The app costs $4 per month. It is available on iOS only for now, but the company says an Android version is coming eventually.
“We wanted to build an experience that would be a weather level-up for anybody, really, from a casual observer to a seasoned storm chaser,” says Joe Koval, a senior meteorologist at the Weather Company. “If you’re looking for advice on when the weather will be good to walk your dog tomorrow, you no longer have to look at a bunch of different disparate weather data elements and try to figure out the answer to that question yourself.”
You can find the weather on your phone already, of course. Android and iOS devices typically place the weather prominently beside the time. Google and Apple have both fused their weather apps into their smartphones directly. AI features have since been infused, offering insights and summaries about the day to come.

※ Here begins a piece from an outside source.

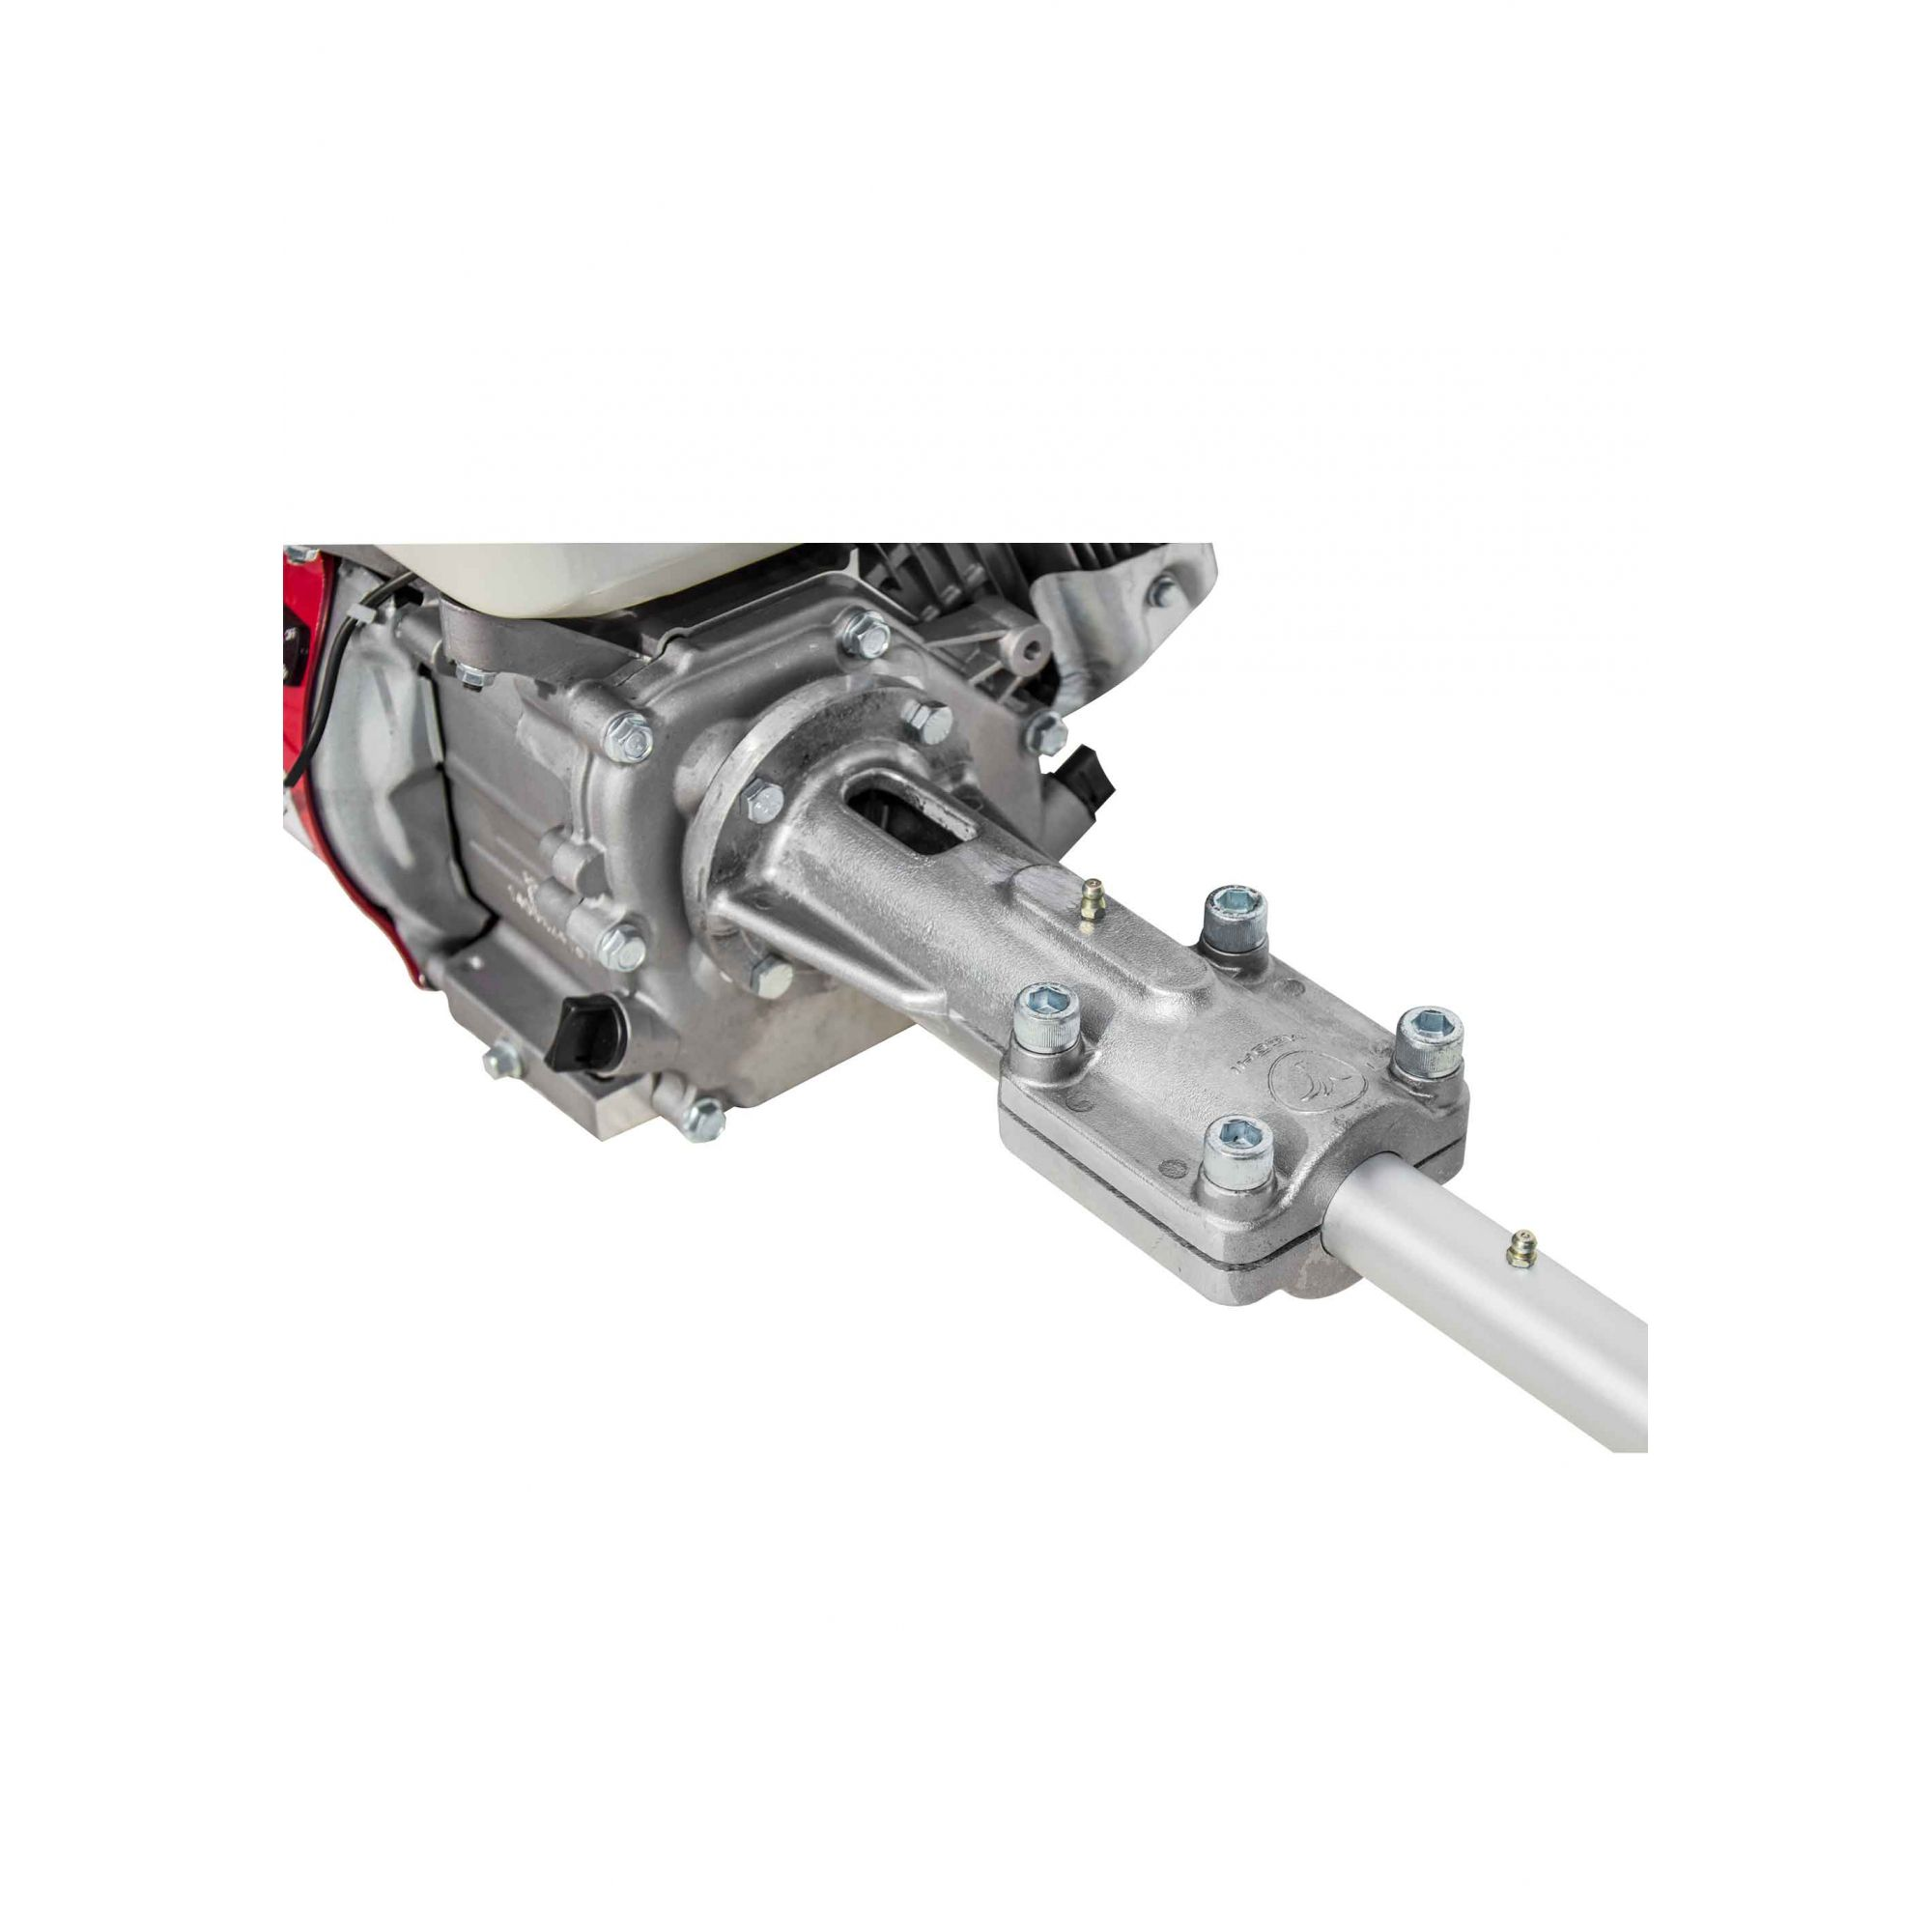 Kit Motor De Centro Barco Bote 2,20mt P/ Motor 10 Die/13 Gas

But there are third-party weather apps galore, like Storm Radar, Carrot Weather, Rain Viewer, and Acme Weather—an app from the former Dark Sky app creators. New weather apps like Rainbow Weather aim to be AI-first. Weather services are also being integrated directly into AI chatbots, like Accuweather, which recently launched an app directly in OpenAI’s ChatGPT.
“Everyone has their idea of what they want in a weather app, what data they’re interested in, how they’re interested in it being presented,” says Adam Grossman, a founder of the DarkSky app. “How do you build a single weather app that works for everybody?”
DarkSky, one of the most popular iOS weather apps, was bought by Apple in 2020 and merged into its Apple Weather service. Grossman eventually left Apple to start Acme Weather, with the goal of making a weather prediction service that better telegraphs the uncertainty of forecasting.
“No matter how good your forecast is, you’re going to be wrong,” Grossman says. “That’s something that weather apps traditionally haven’t done a great job of doing. Our approach is trying to figure out how to add those pieces of context back in.”
Repositories of weather information usually come from government sources, like NOAA or other global weather services that collect data from weather satellites, radar, weather balloons, and on-the-ground instruments. All that data is fed into weather prediction models that simulate the physics of the atmosphere. Those predictions are often generated by resource-intensive supercomputers, but machine learning models have trimmed that processing down, making predictions quicker. (Though sometimes less accurate, which can be accounted for by comparing multiple models.)
Weather apps like Storm Radar and Acme Weather translate that bounty of information by corroborating and compiling the models, then helping to create high-resolution maps and a visual representation of the data, an area where AI can also be particularly useful.